Skip the pictures and give back the rest of the listing exactly.

### Recorded information:
########################################

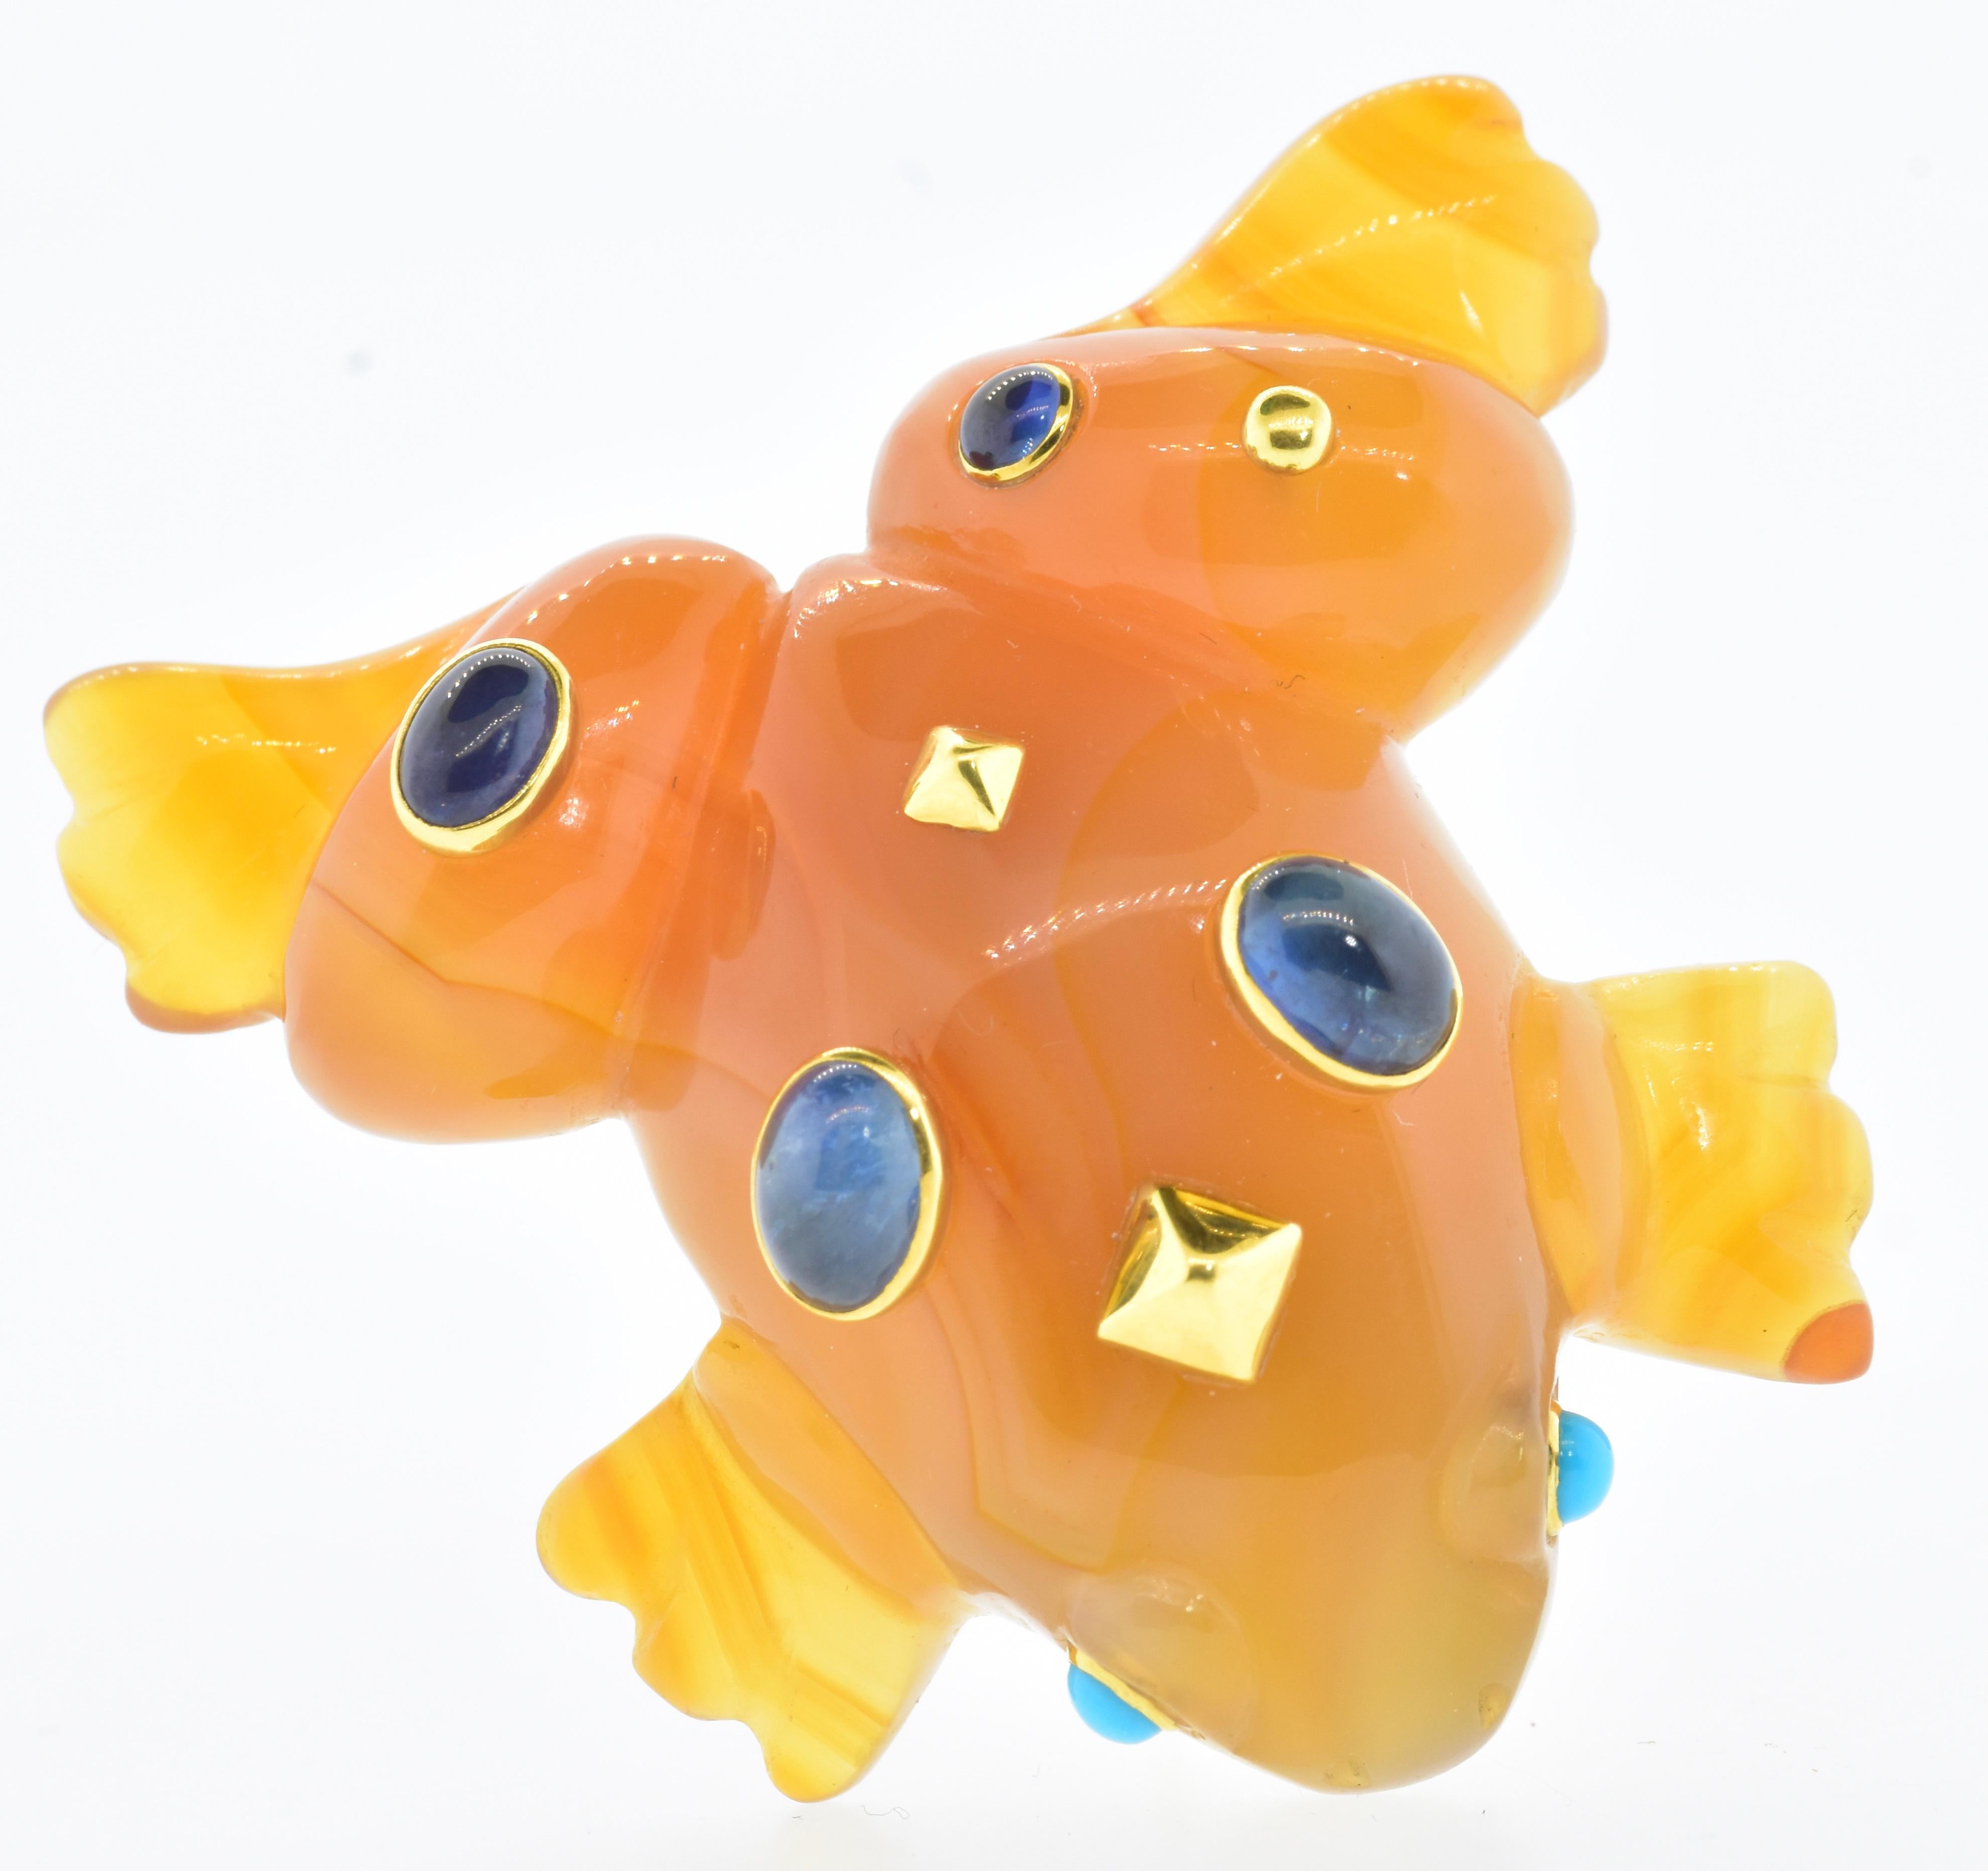 Cabochon Seaman Schepps' Famous Frog Brooch in 8K Carved Carnelian and Sapphires For Sale
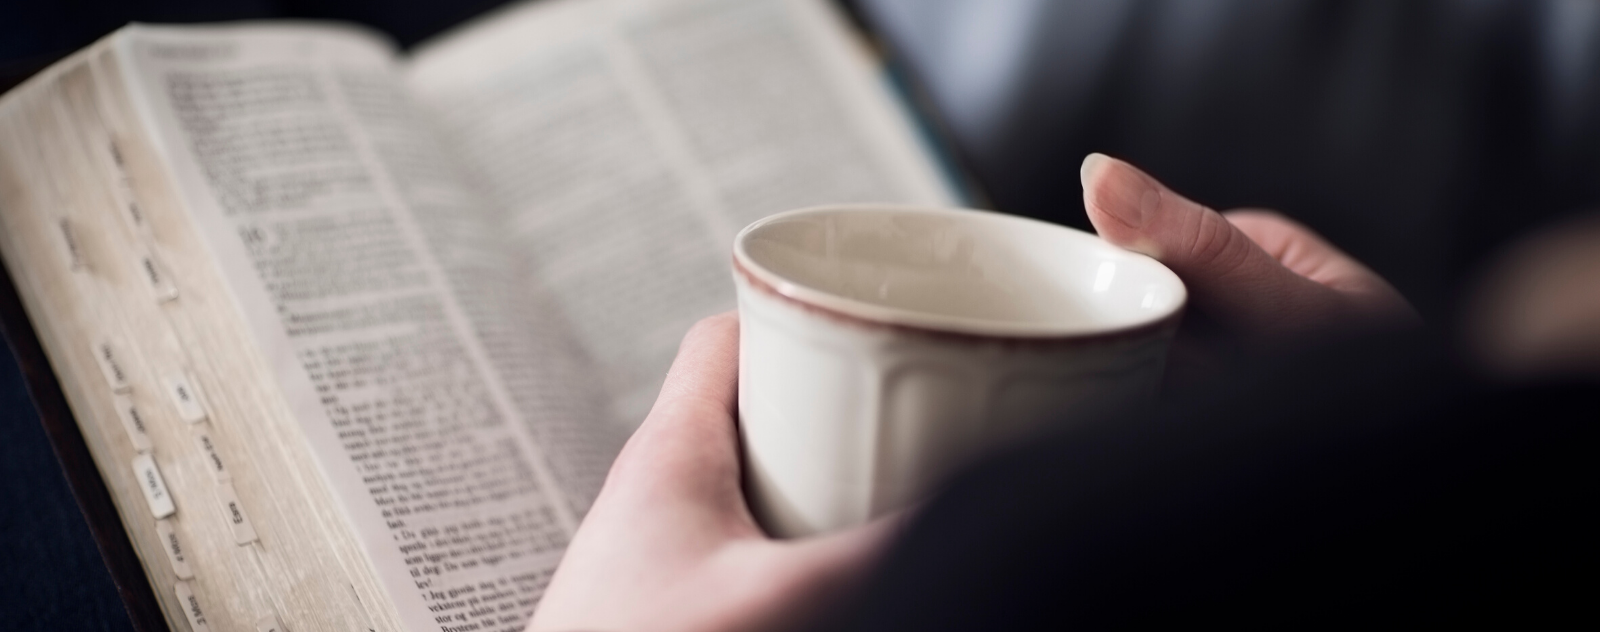 The Gospel of matthew for a Bible Study
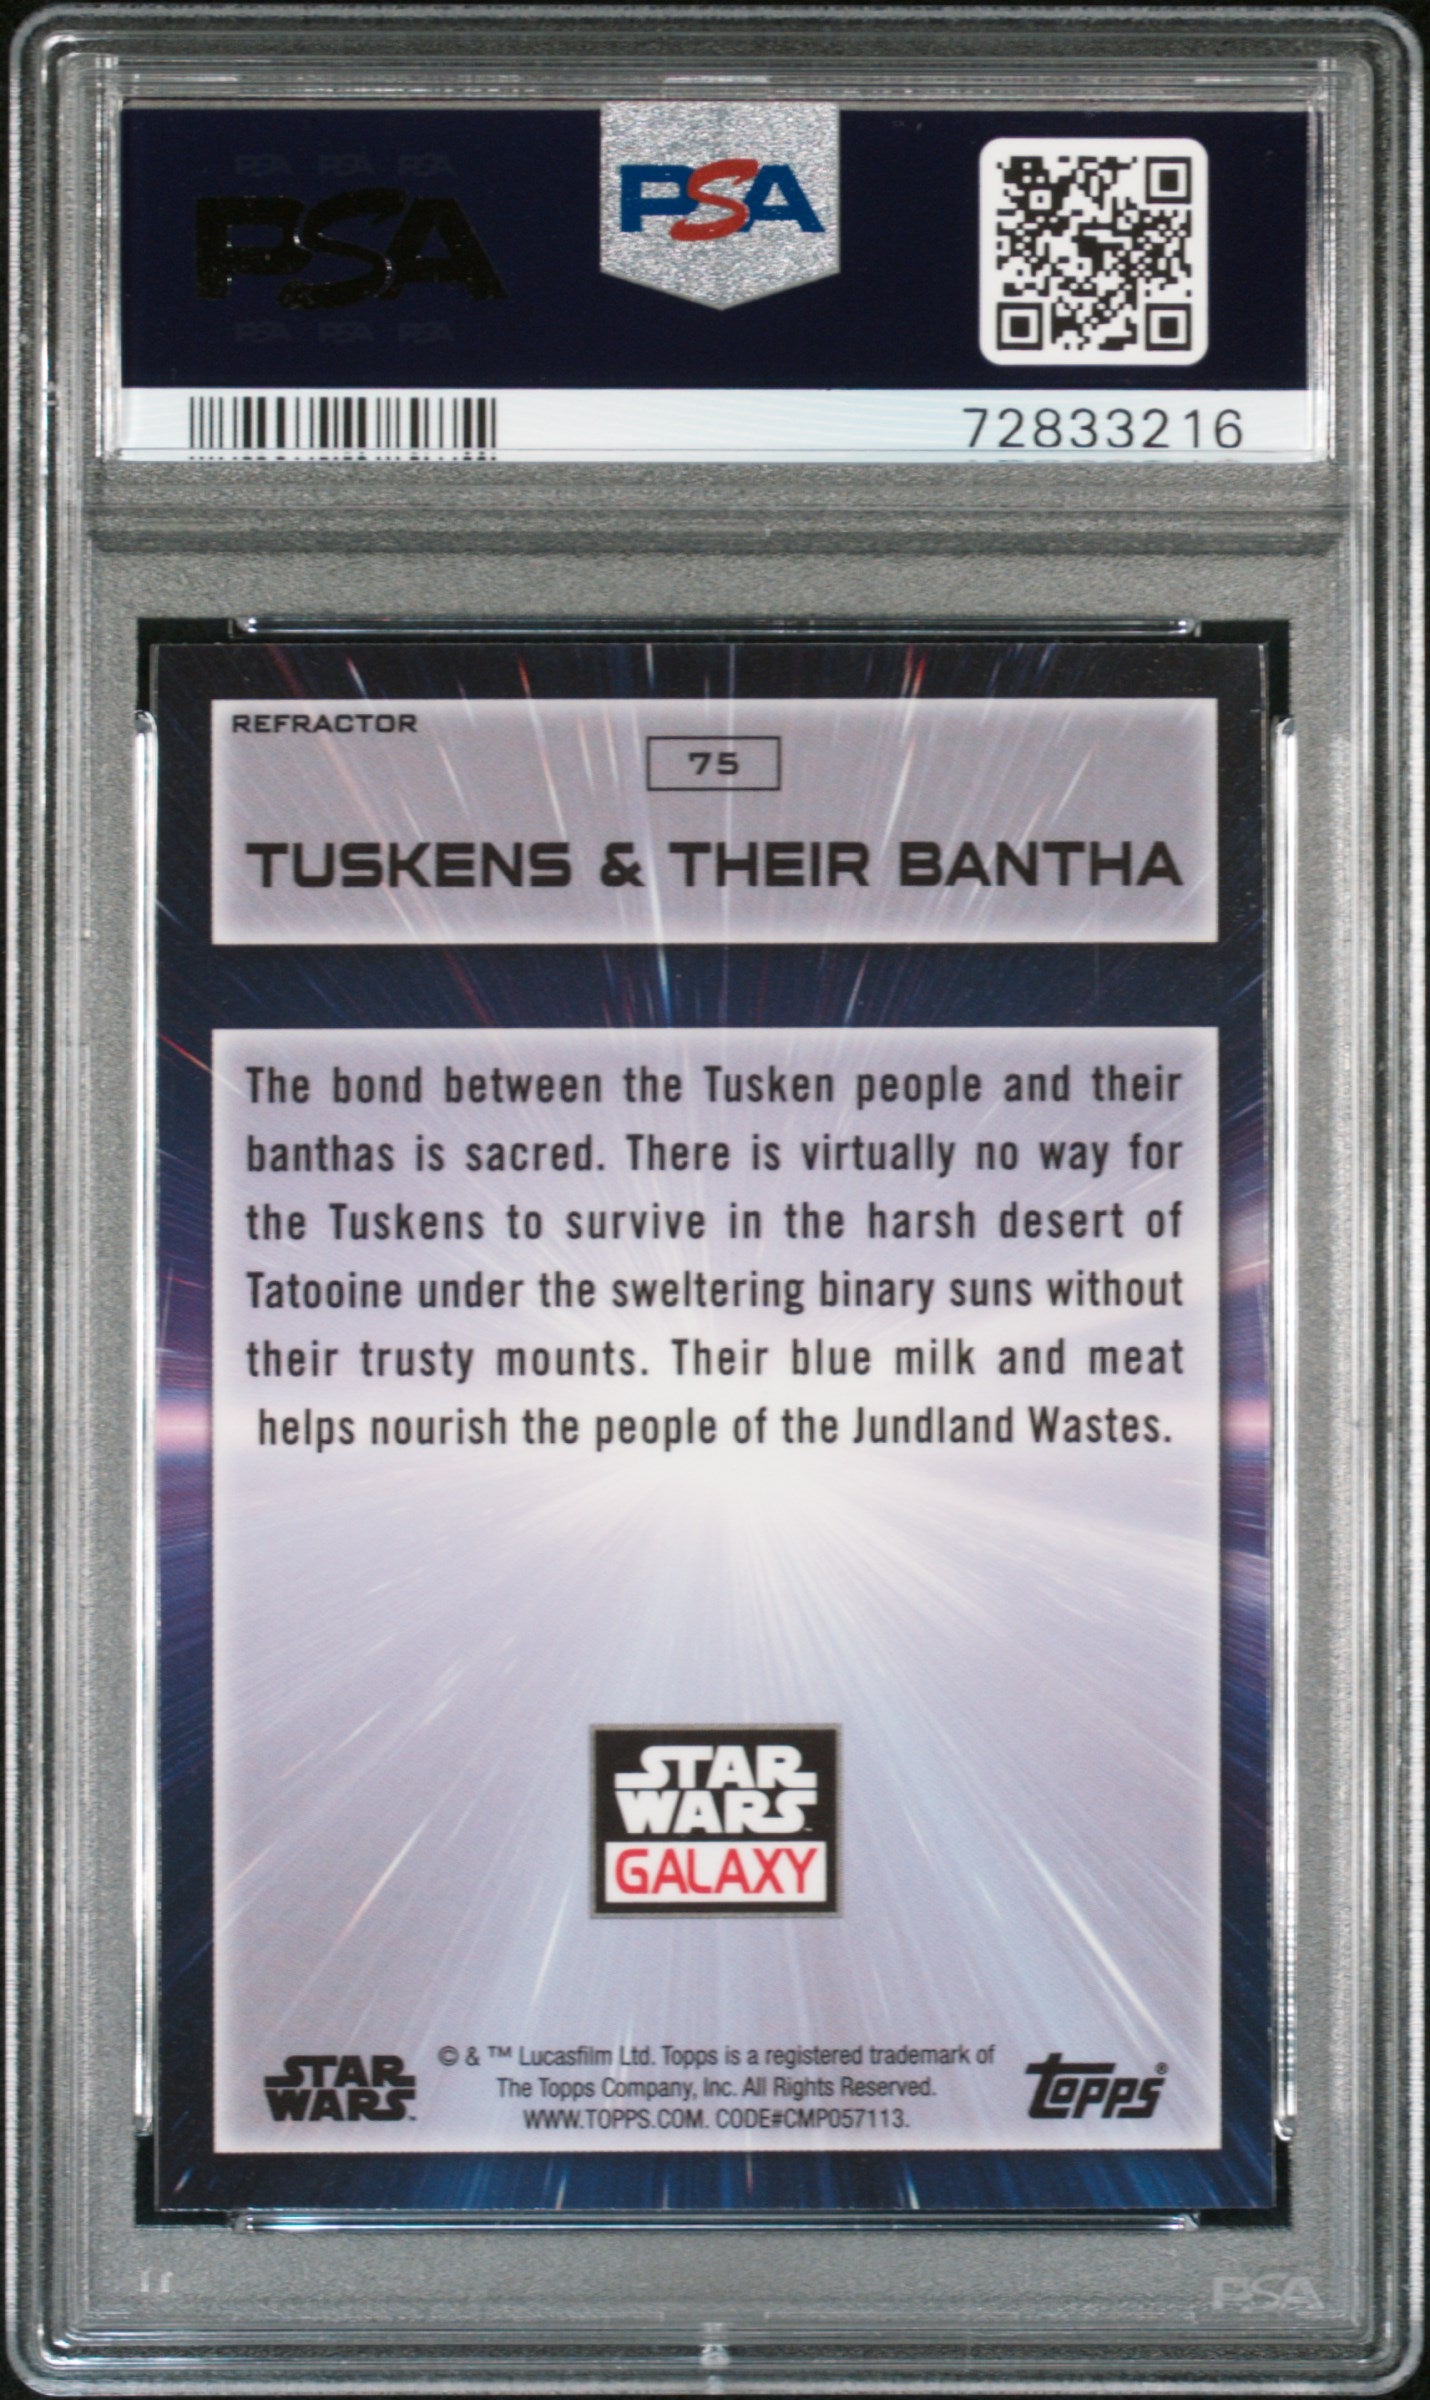 2022 Topps Chrome Star Wars Galaxy 75 Tuskens & Their Bantha Refractor Psa 9

########################################

### Solution:
 Cabochon Seaman Schepps' Famous Frog Brooch in 8K Carved Carnelian and Sapphires For Sale
 The Gospel of matthew for a Bible Study
 2022 Topps Chrome Star Wars Galaxy 75 Tuskens & Their Bantha Refractor Psa 9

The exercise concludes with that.